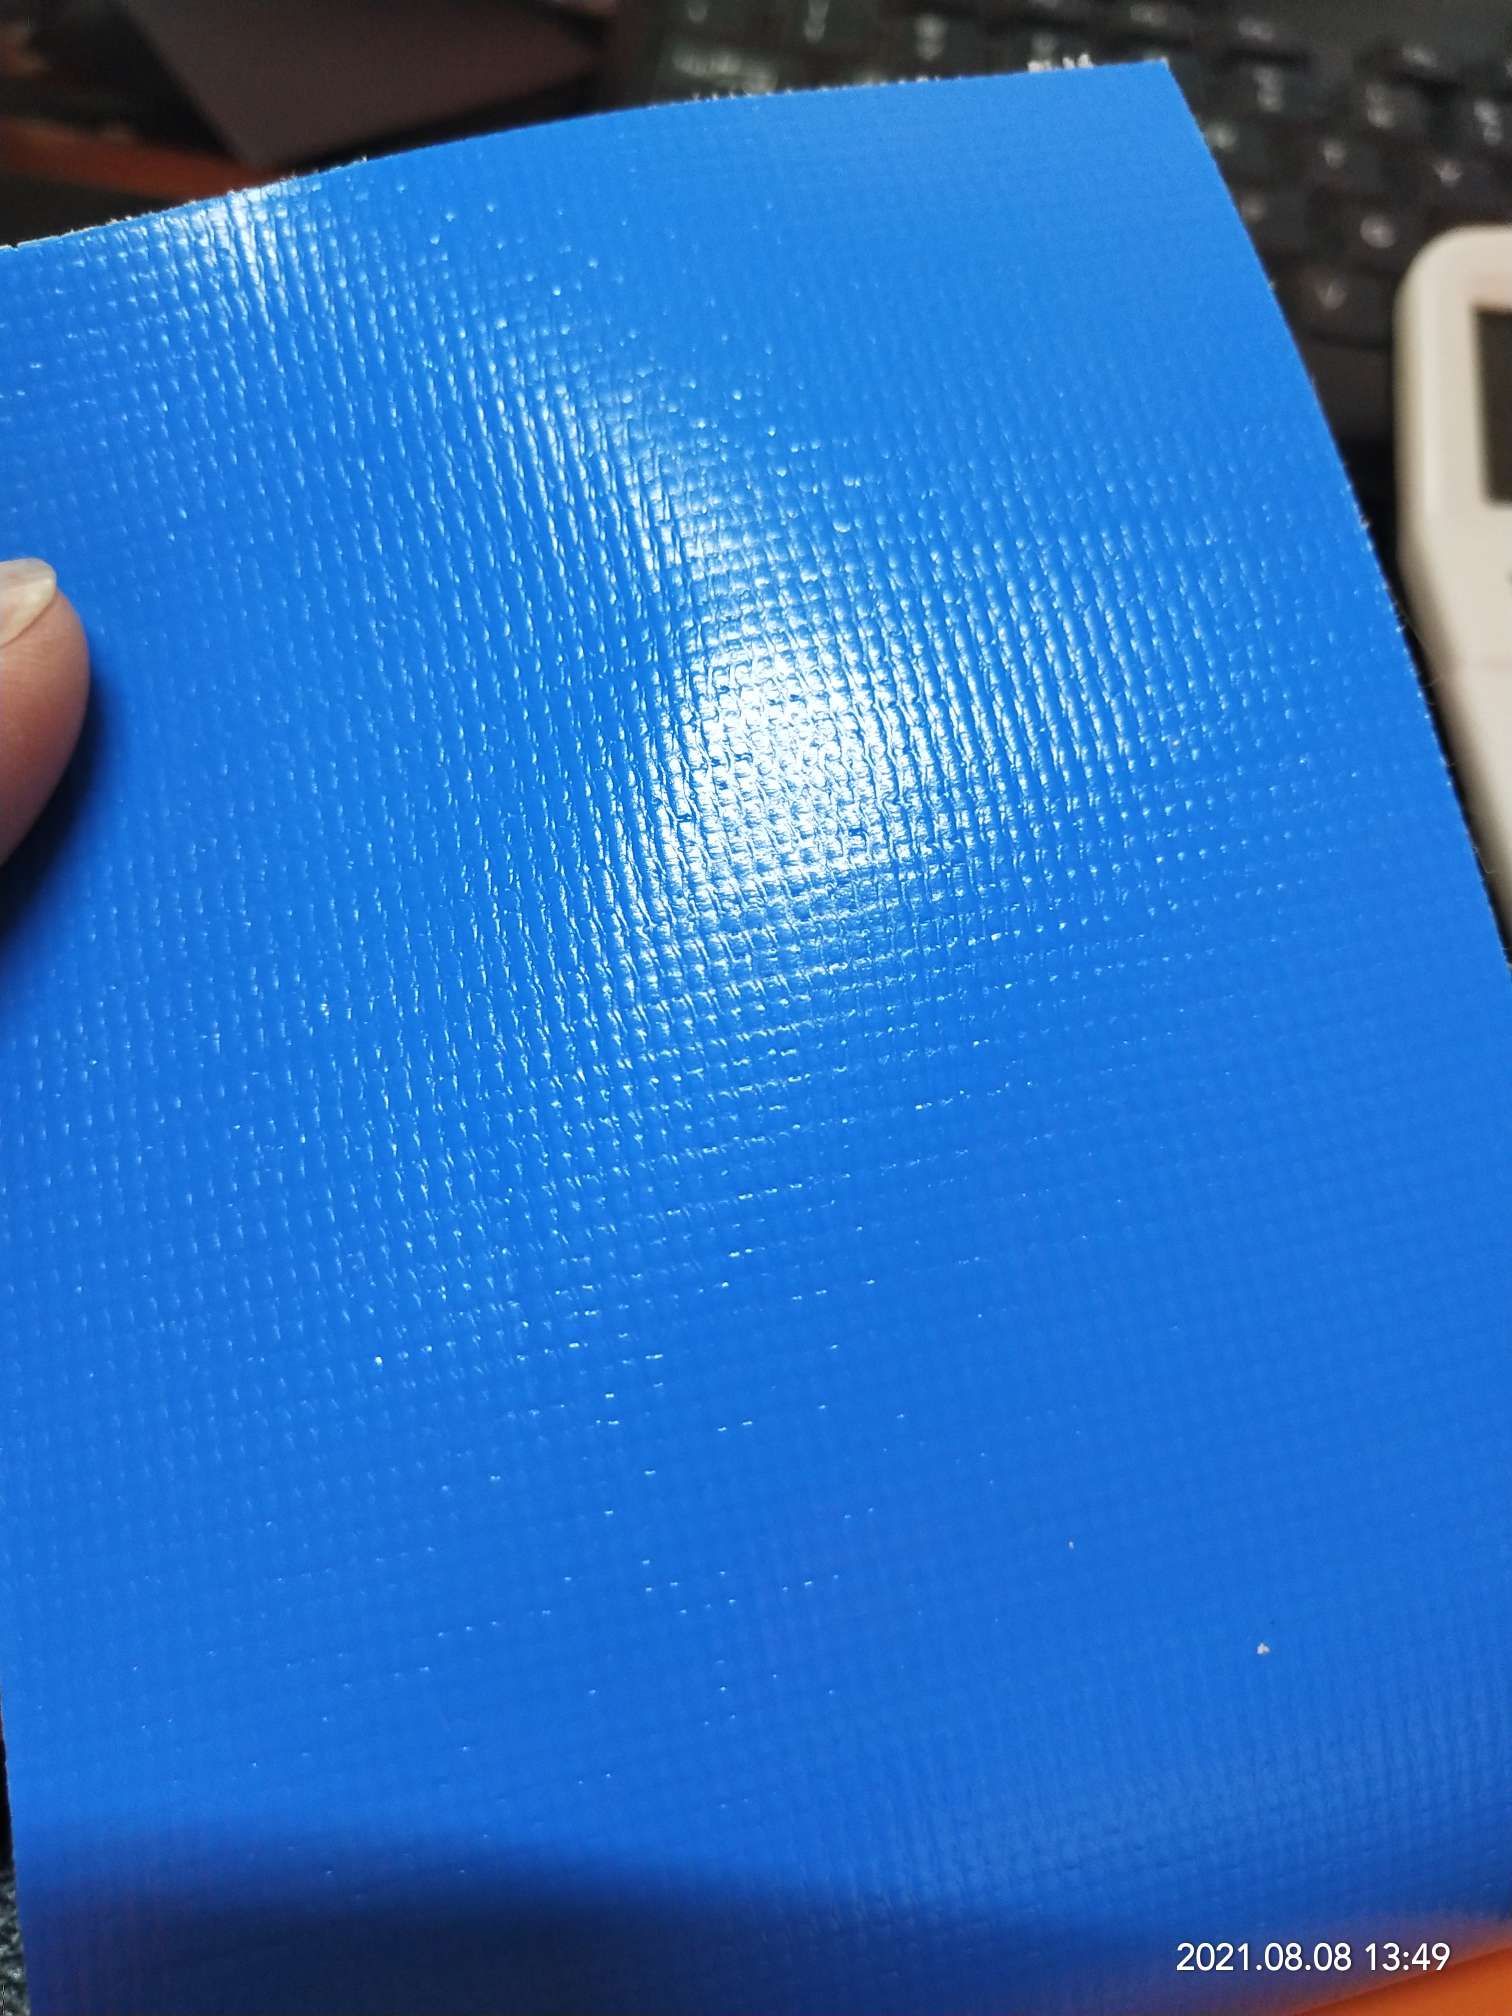 优质光面0.47mm厚浅蓝色PVC夹网布  箱包布  机器罩家具罩  体育游乐产品  格种箱包袋专用面料详情图5
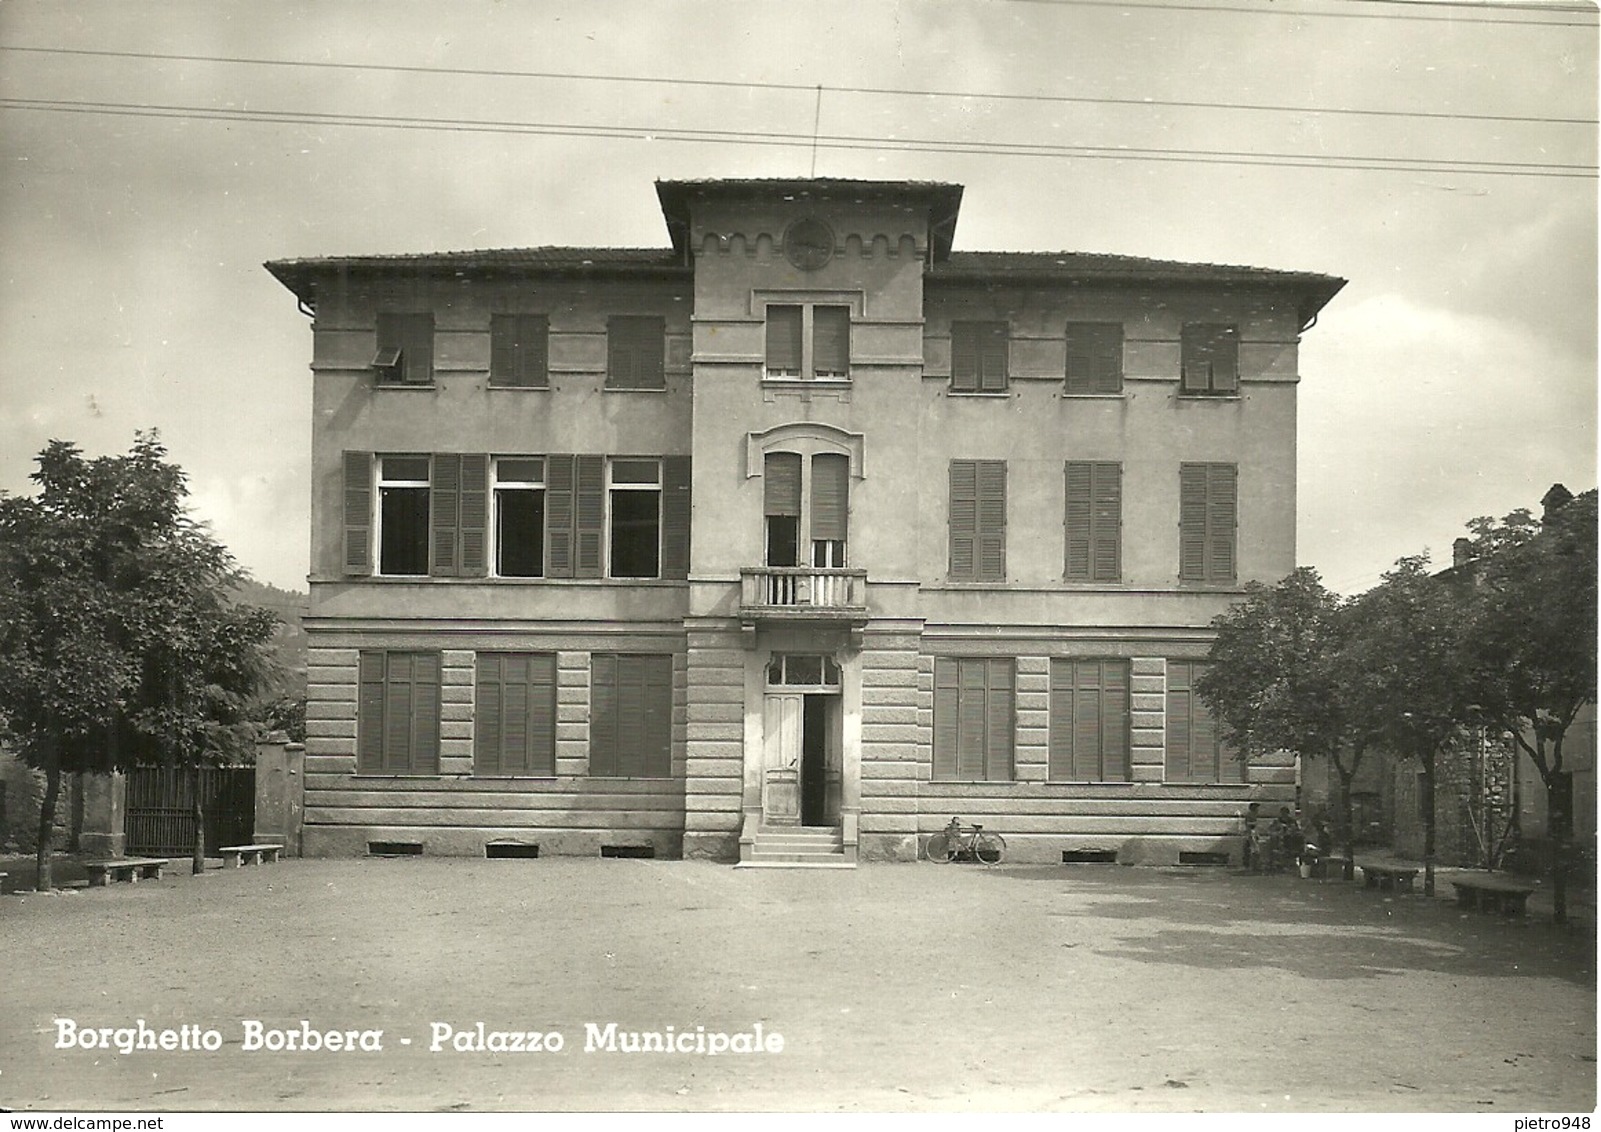 Borghetto Borbera (Alessandria) Palazzo Municipale, Town-Hall, Hotel De Ville, Rathaus - Alessandria
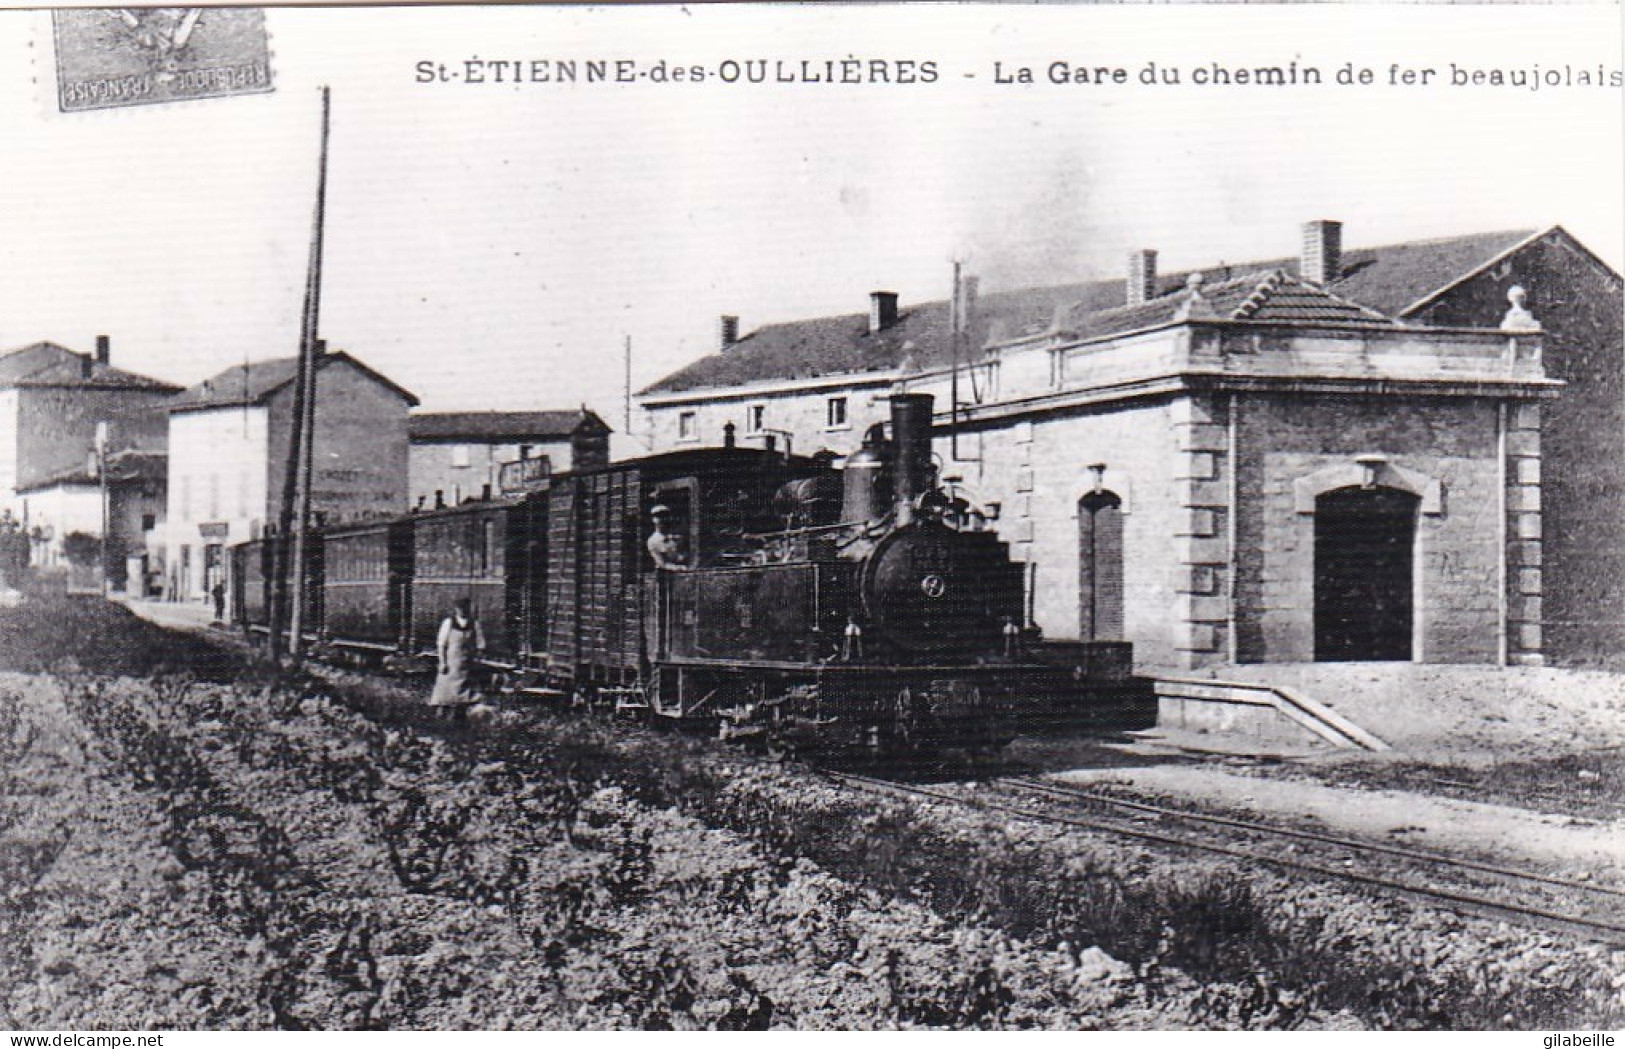 Photo - 69 - Rhone - SAINT ETIENNE Des OULLIERES - La Gare Du C.F.B  - Ligne De Monsols-  Retirage - Sin Clasificación
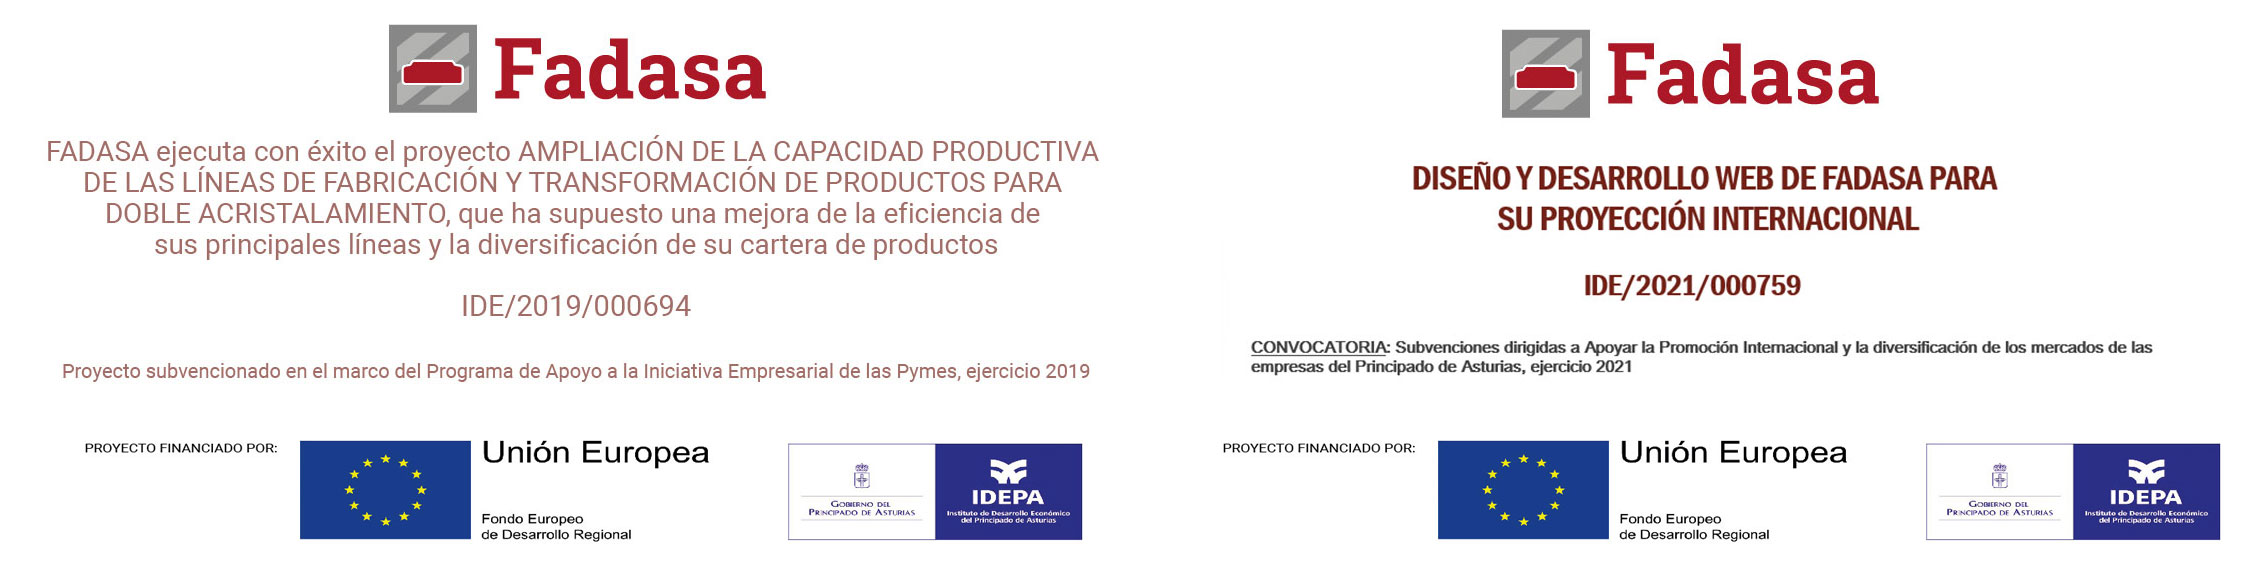 Proyecto subvencionado en el marco del Programa de Apoyo a la Iniciativa Empresarial de las Pymes, ejercicio 2019
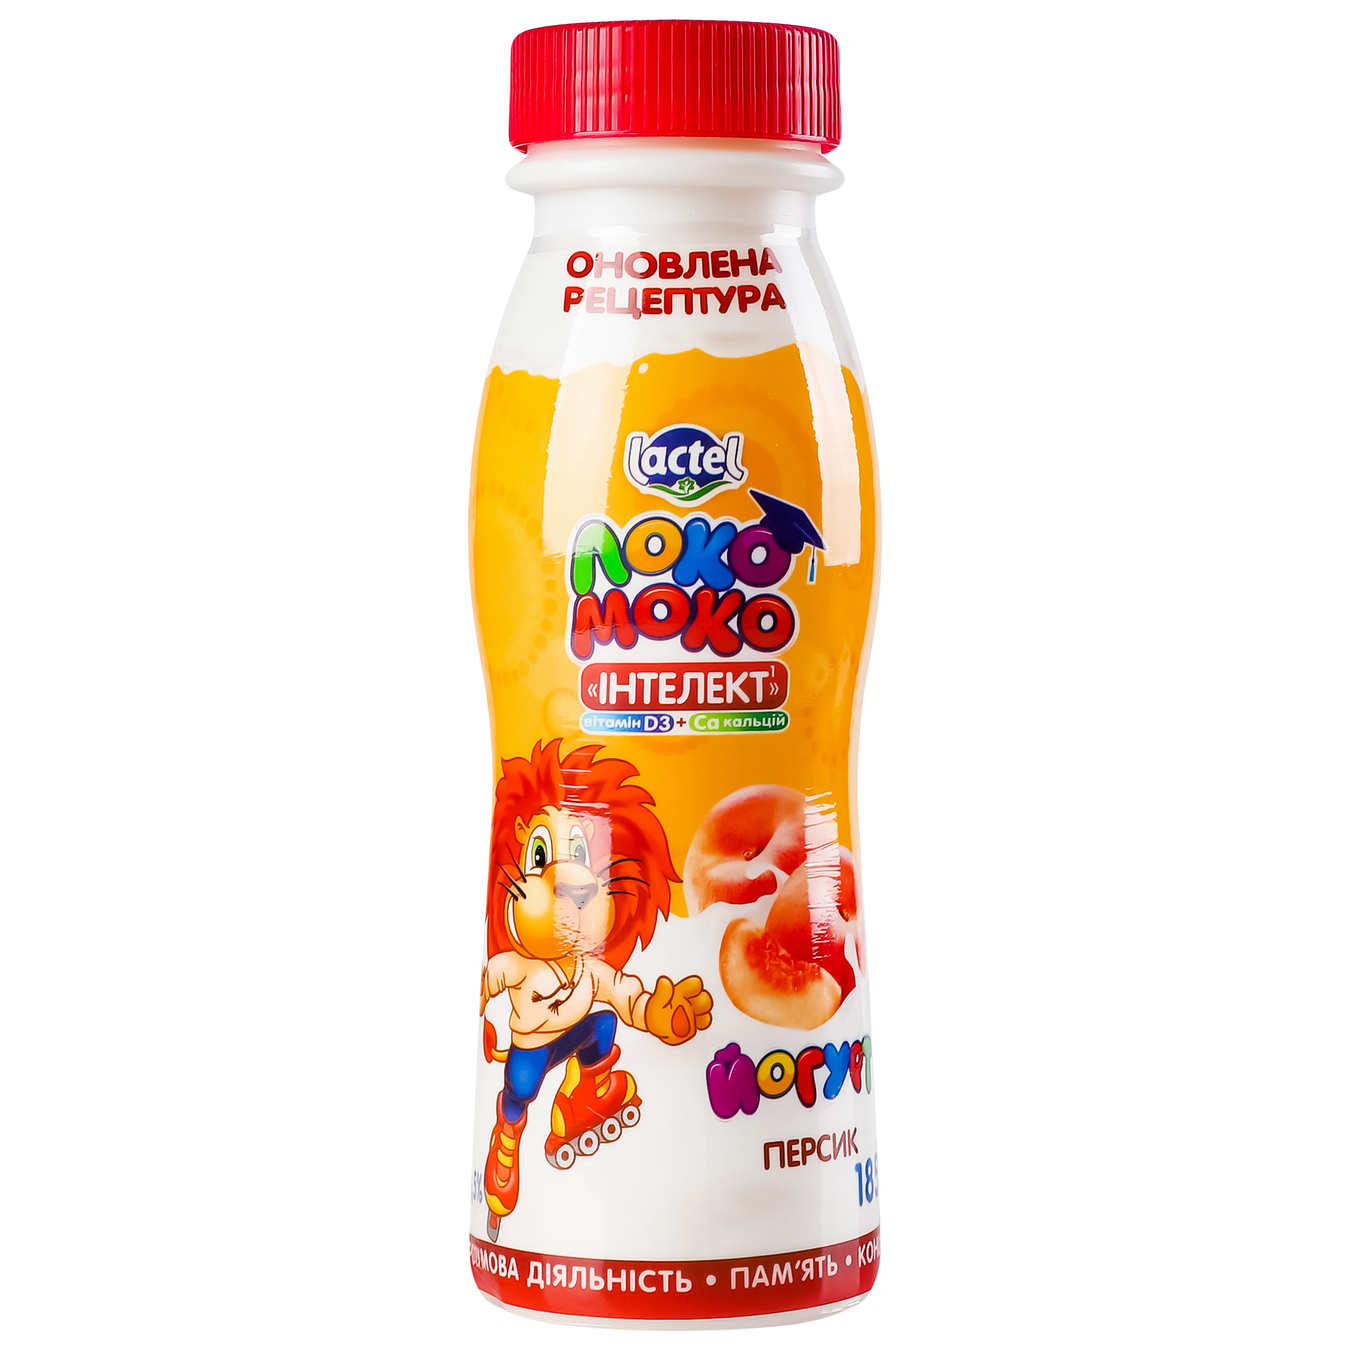 Йогурт Локо Моко с наполнителем персик с кальцием Омега 3 и витамином D3 1,5%

■ What you are asked to do
After dropping the pictures, reproduce exactly the lines from the first line of the entries through the line containing "Photo - 69 - Rhone", both included.

■ Result of this exercise
 优质光面0.47mm厚浅蓝色PVC夹网布  箱包布  机器罩家具罩  体育游乐产品  格种箱包袋专用面料详情图5
 Borghetto Borbera (Alessandria) Palazzo Municipale, Town-Hall, Hotel De Ville, Rathaus - Alessandria
 Photo - 69 - Rhone - SAINT ETIENNE Des OULLIERES - La Gare Du C.F.B  - Ligne De Monsols-  Retirage - Sin Clasificación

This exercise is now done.